To put this in naturalistic metaphors I’m fond of, it’s entirely possible there are hypothetical organisms that would be much more efficient at some core functionality (photosynthesizing, running) if they didn’t also have to evolve capabilities to fend off parasites, predators, or environmental degradation/variance. It’s possible something like early(ier) google was something like this, a unique bloom that was only possible in a less challenging environment where there hadn’t been more environmental variation to survive, nor as many pathogens and hazards, or where it hadn’t decimated it’s food stuff species (possible unto the point that certain types of cultural/information producers have gone effectively extinct from the web’s perspective).

I don’t believe there will never be another training data set like the one we’re currently benefitting from. That is to say, every scannable, machine translatable book written before 1929, and everything scrapeable from the web when (we assume) a majority of the information offered to the digital networks was not hobbled by one of the forces mentioned above, not suspect for being recursive machine generated slop that (if used for training) will lead to crappier, crazier outcomes.

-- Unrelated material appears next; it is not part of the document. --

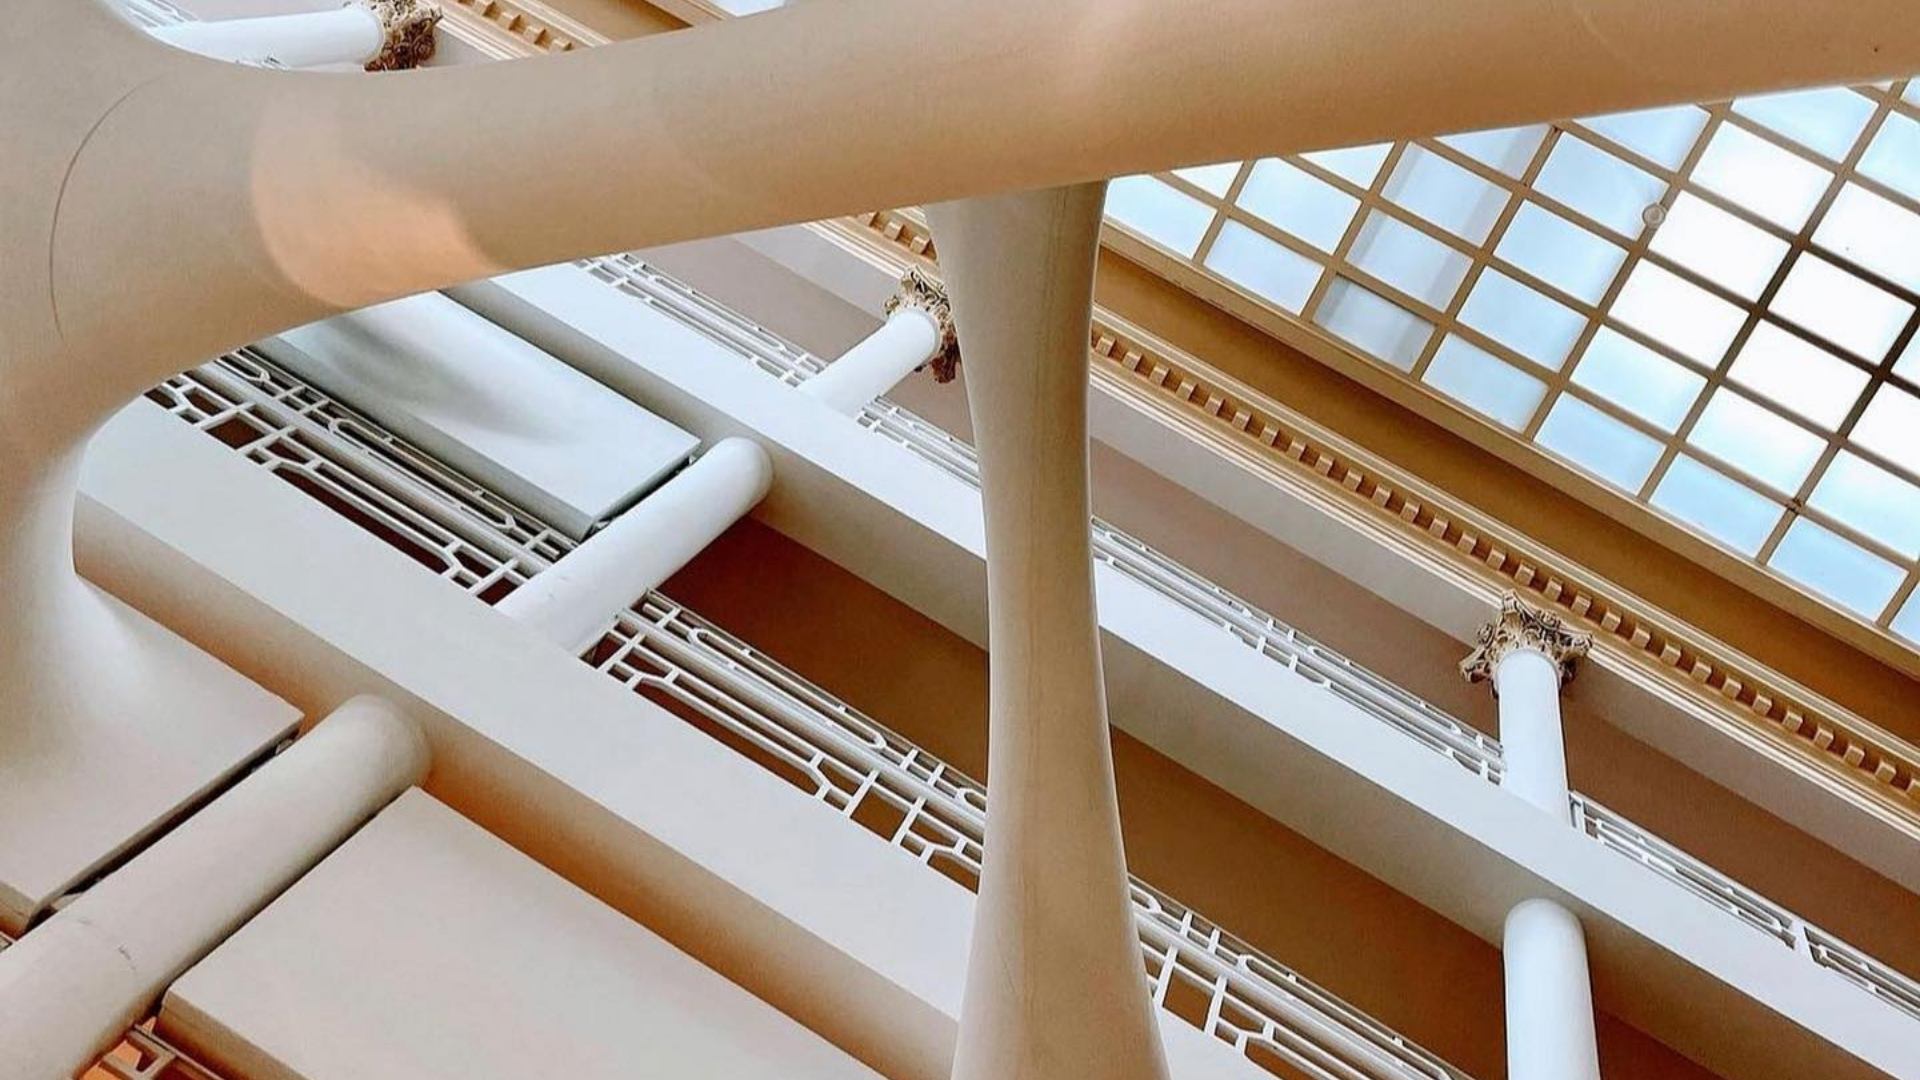 Installation "Elastika" by  architect Zaha Hadid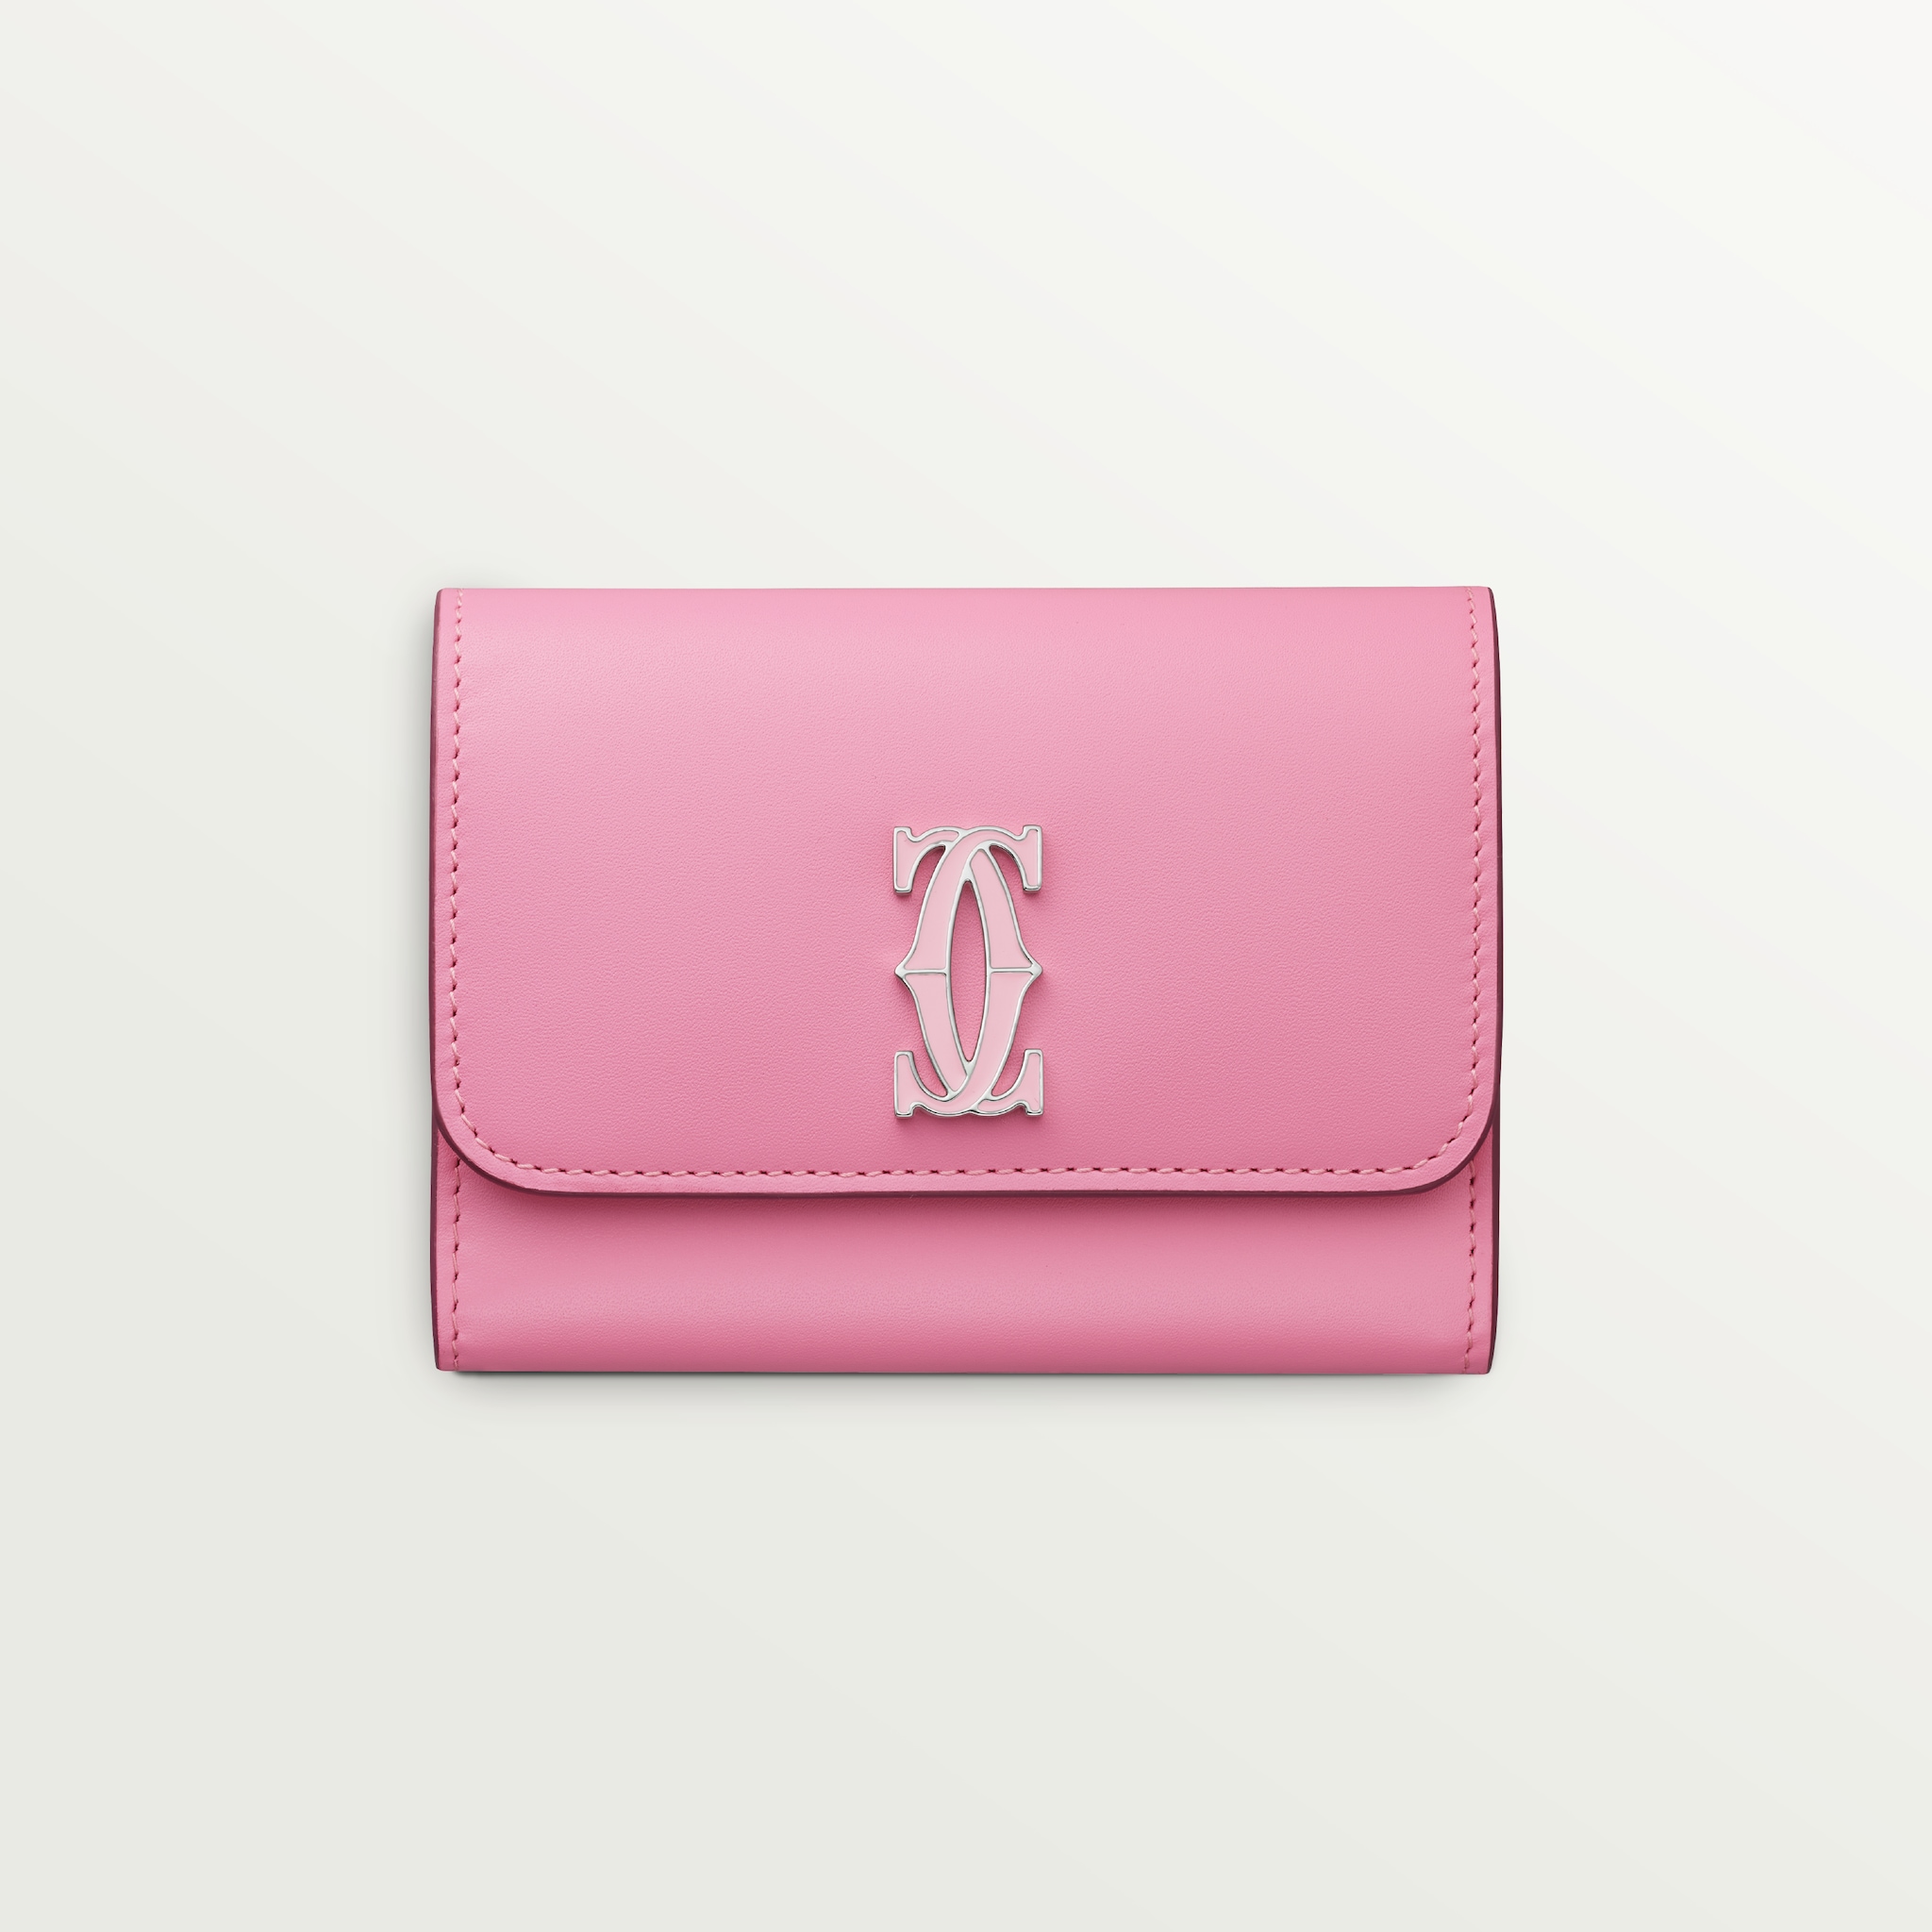 銀包，迷你款，C de Cartier雙色粉紅色/淺粉紅色小牛皮，鍍鈀及淺粉紅色琺瑯飾面

From here on out, our information faces at least the possibility of being suspect.

It’s possible via methods like Monte Carlo or mimicking evolutionary processes we can produce novel information configurations without the need for the contributions of millions (billions) of clever, motivated humans: but if we run an entirely virtual evolutionary process I wonder how compatible that will be with existing evolved systems, which all developed deeply entrained with one another.

Even with their explosive growth in utility, even for all we’ve learned about how to push the models further (with perhaps even less resources) it’s entirely possible we’re at (or far closer) than we care to believe to the peak of easy utility for the LLMs, in the same way I didn’t think that google search was near the peak of its simple utility 20 years ago. Not least because we tend to focus attention on performance of whatever centralized bureaucracy is capturing most of the value rather than understanding that this will be the target for inevitable parasitism, hacking (benign or otherwise) and it can only function as it does because it sits on top of a fragile ecosystem it will eventually, inevitably alter… potentially to the point it can no longer function.